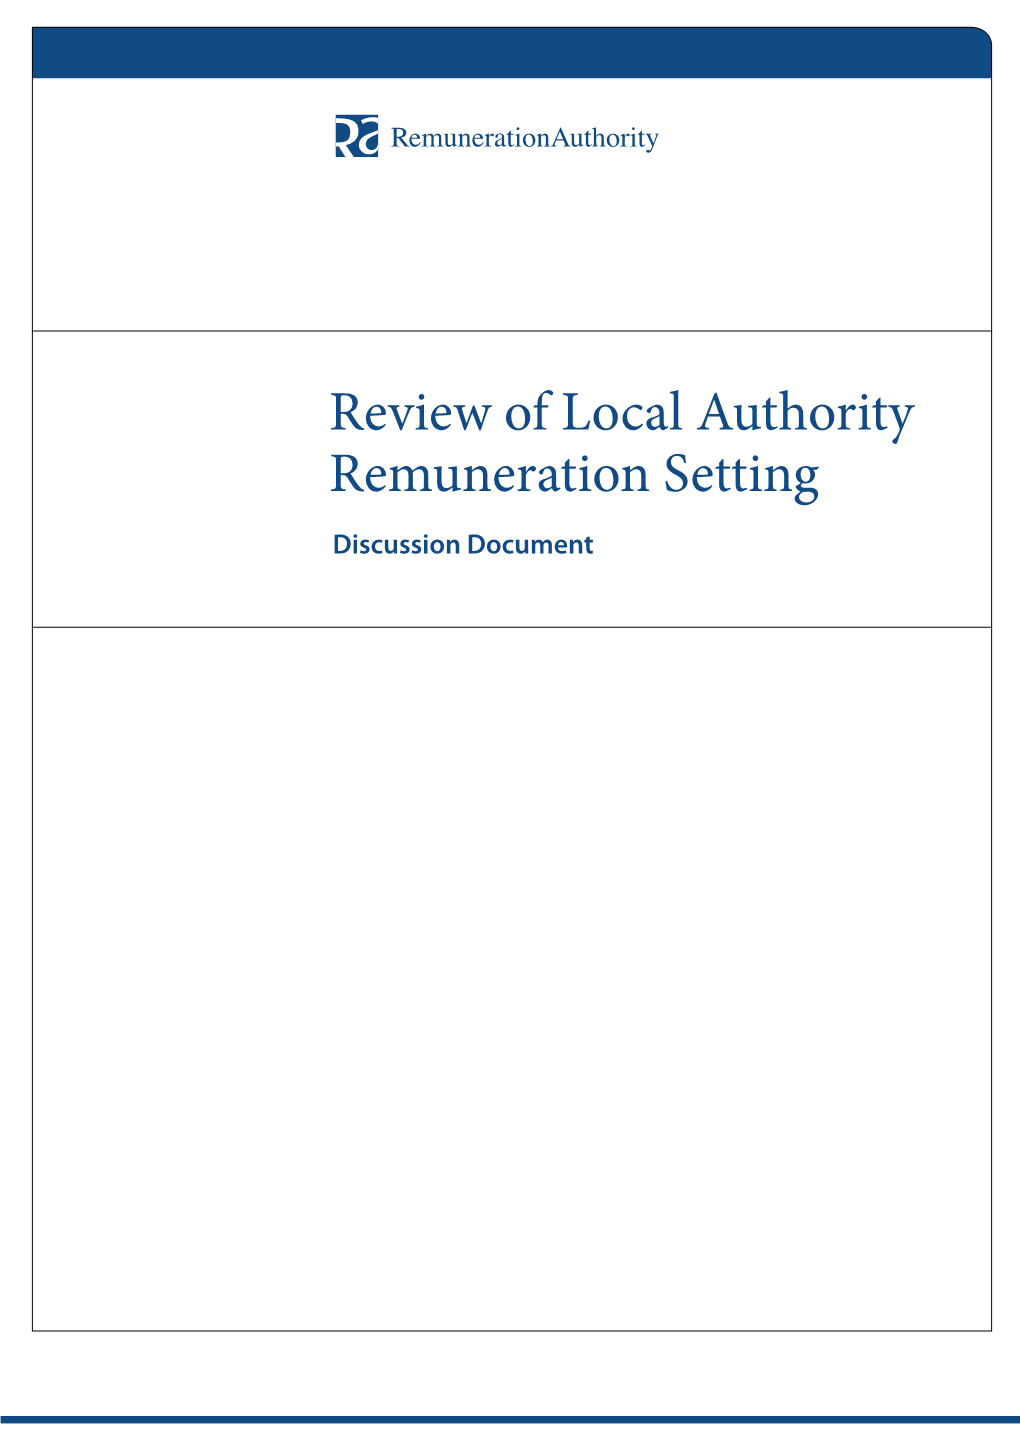 Remuneration Authority Discussion Document
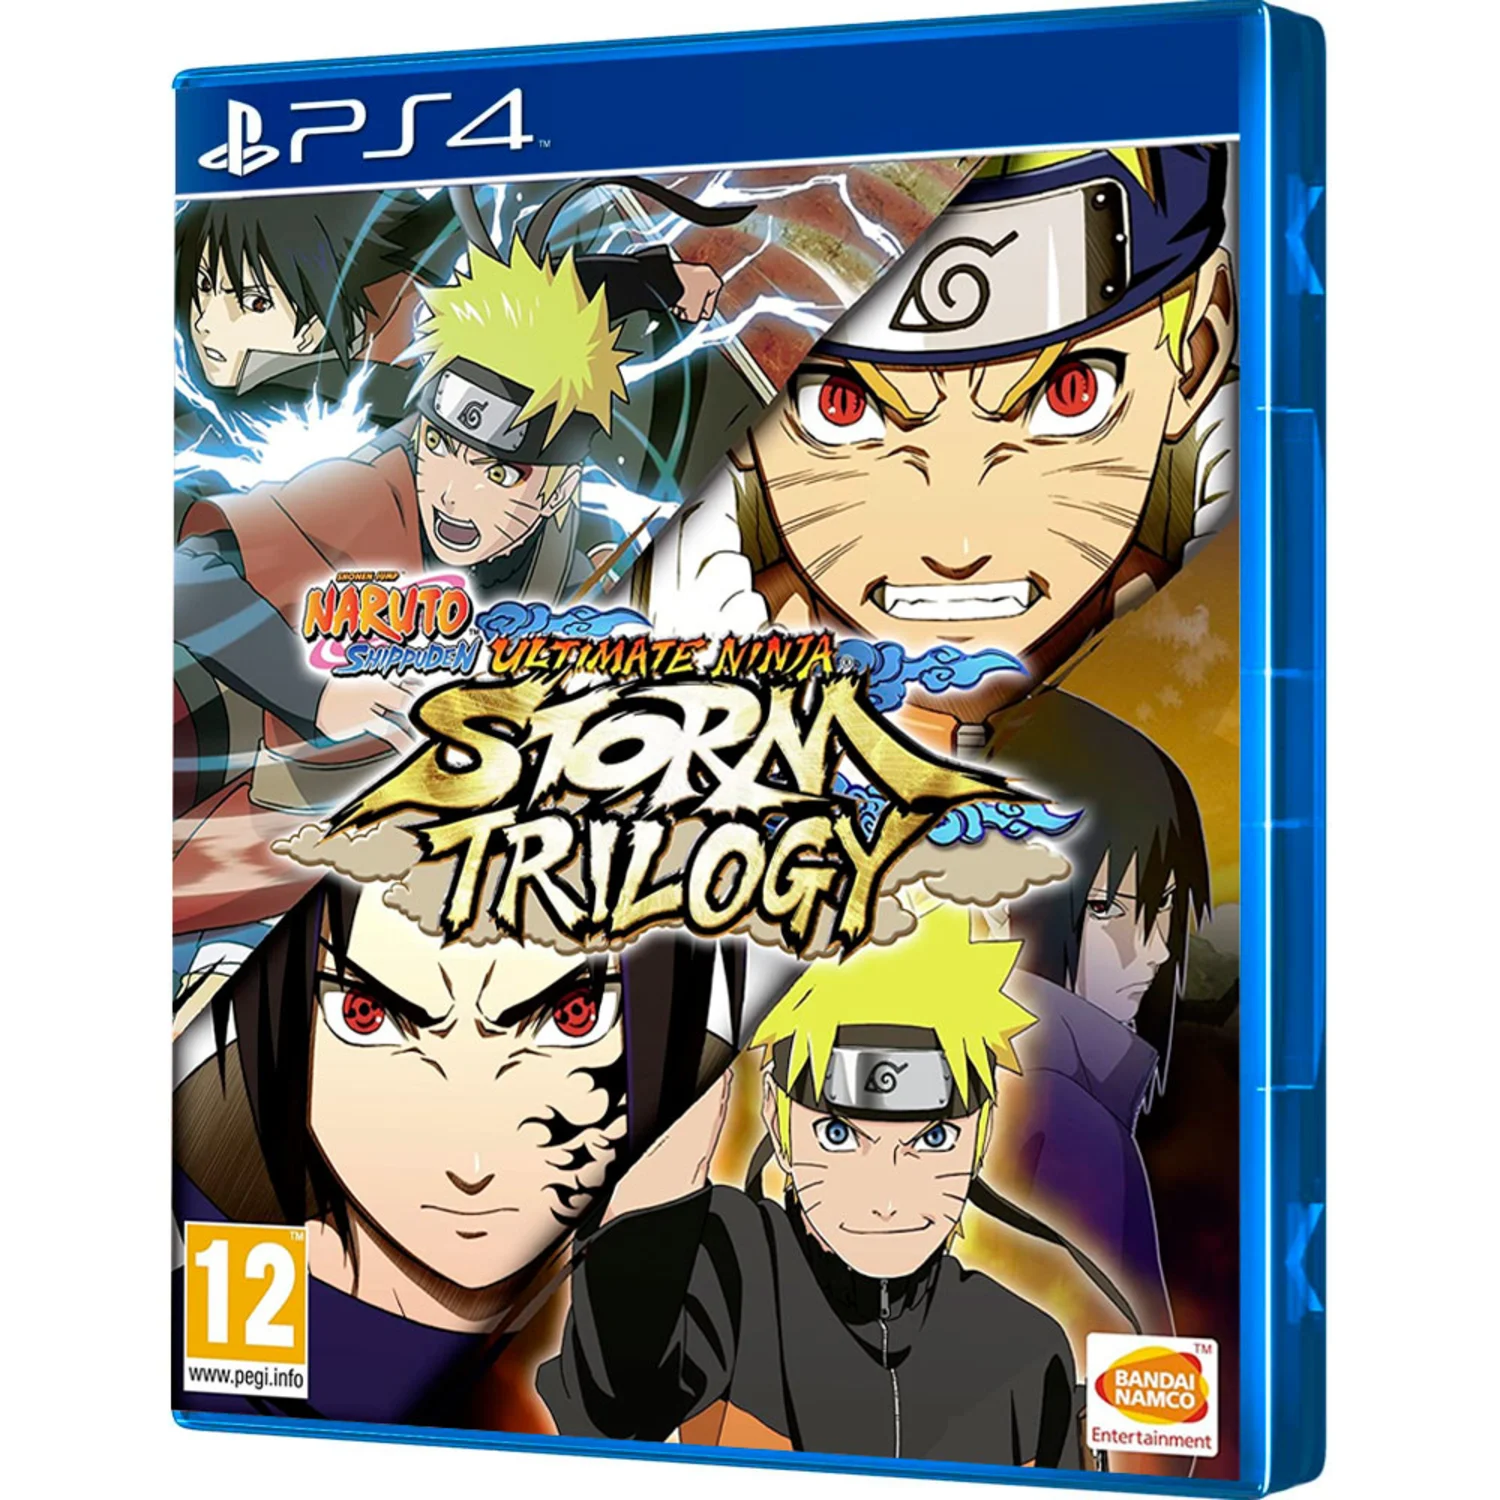 Jogo Naruto Shipudden Ultima Ninja Storm Trilogy PS4
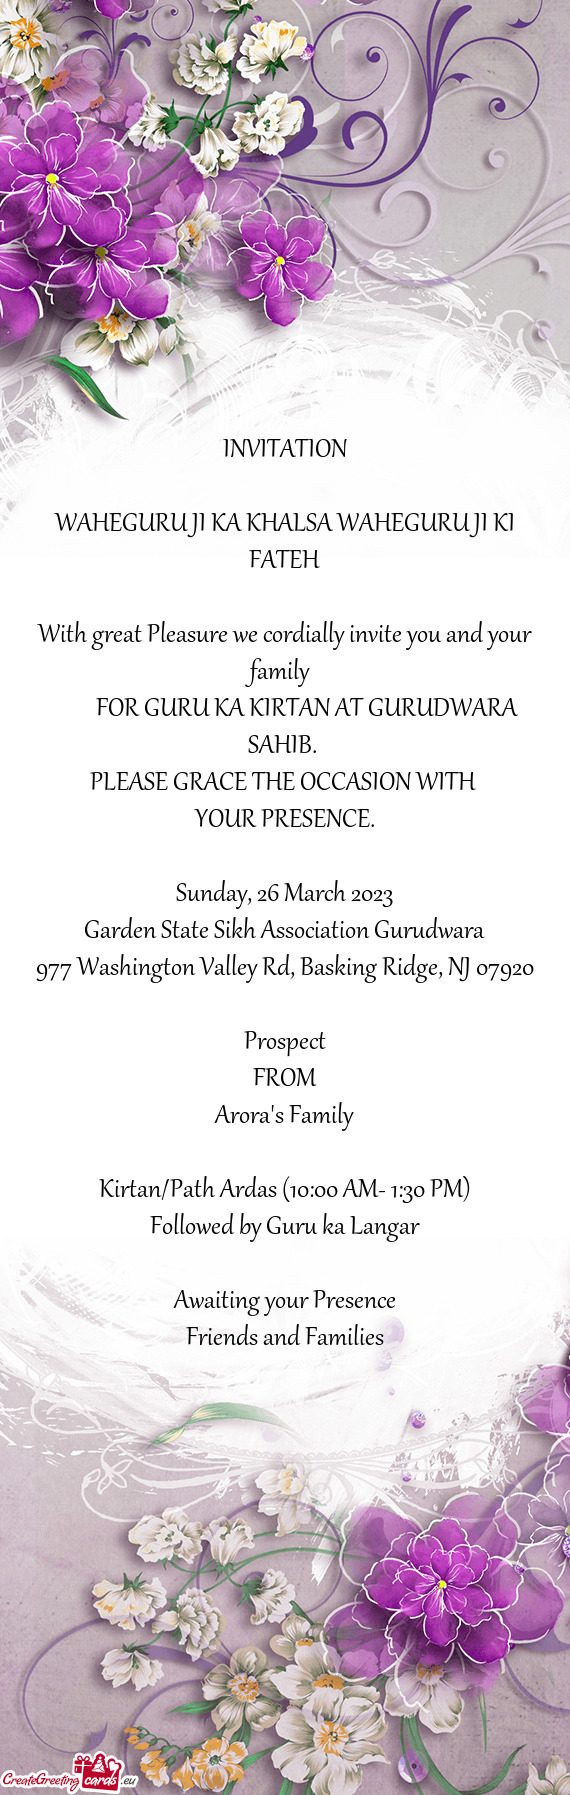 Garden State Sikh Association Gurudwara
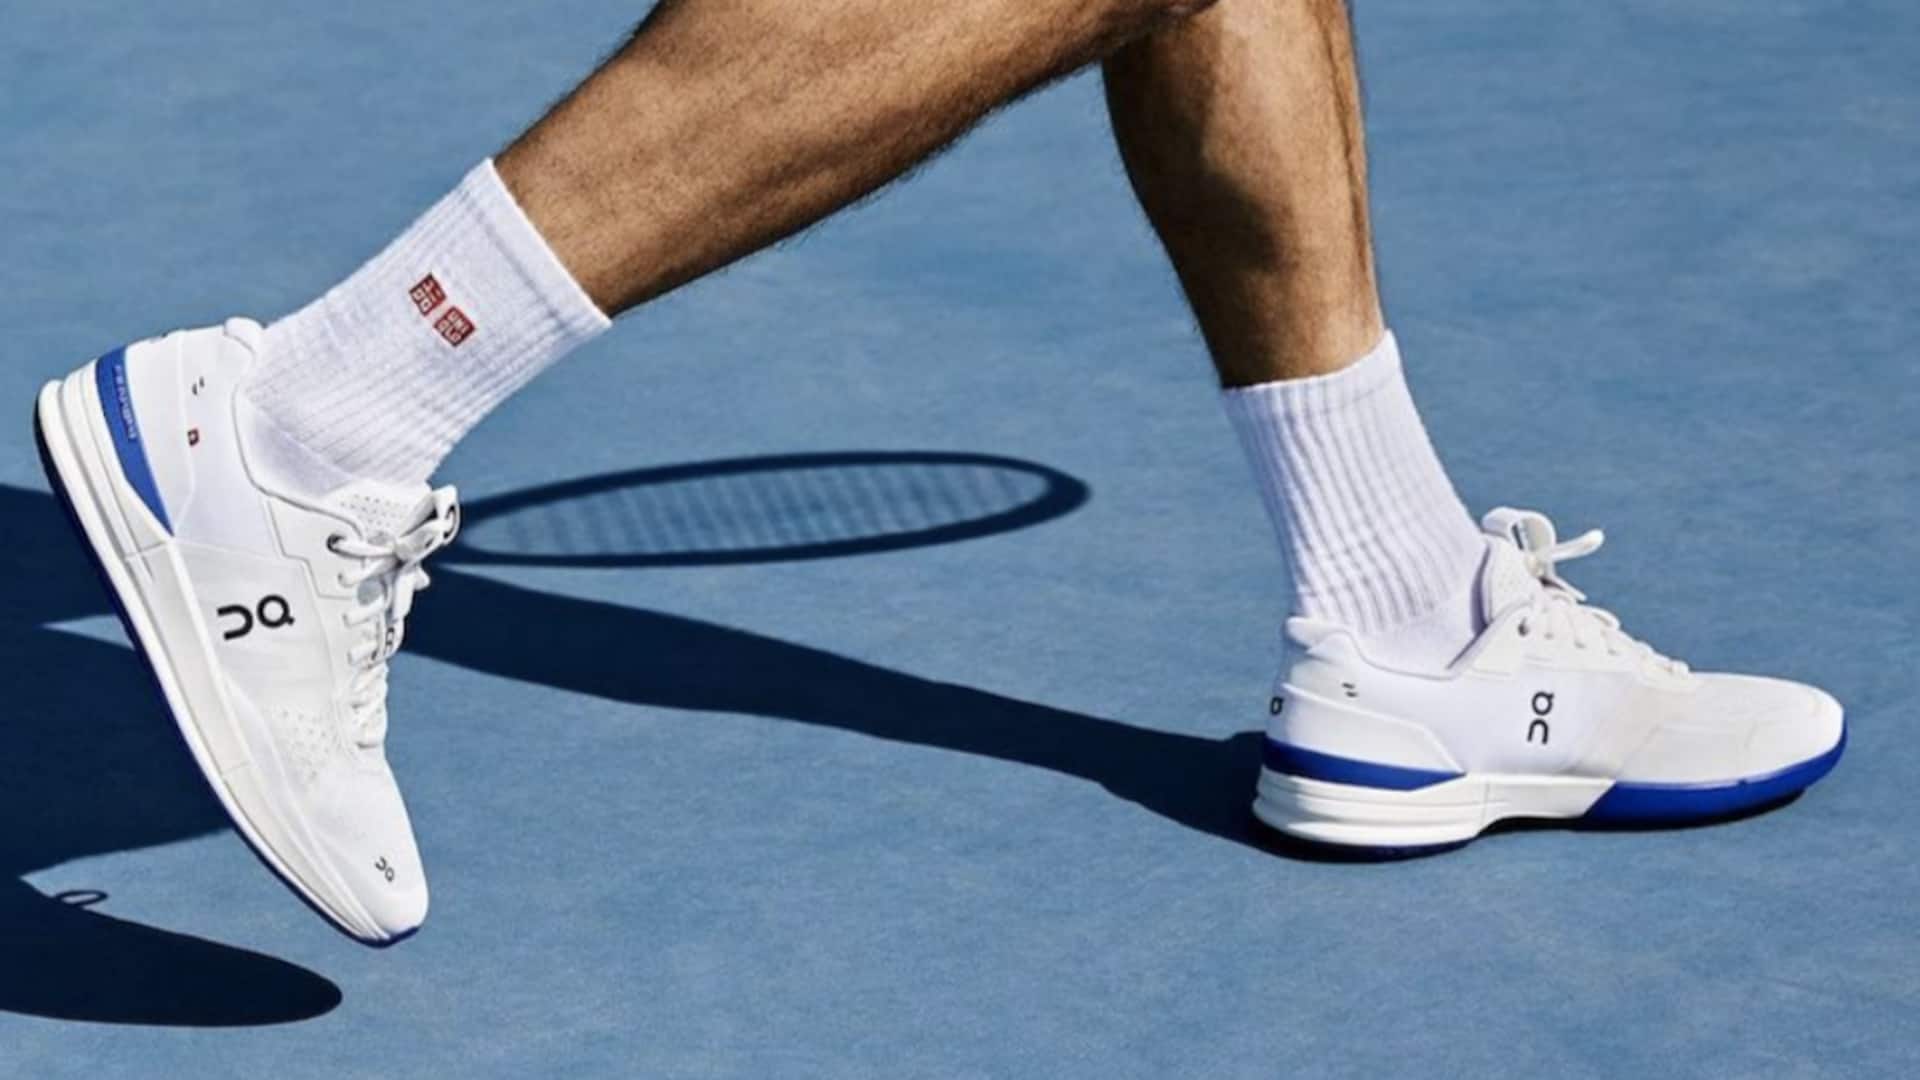 Roger Federer's Swiss shoe brand 'On' under scanner: Here's why

* * *

Work instructions:
Everything in the listing above, apart from its pictures, must be repeated exactly.

Written response:
 Remuneration Authority Discussion Document
 Jogo Naruto Shipudden Ultima Ninja Storm Trilogy PS4
 Garden State Sikh Association Gurudwara
 Roger Federer's Swiss shoe brand 'On' under scanner: Here's why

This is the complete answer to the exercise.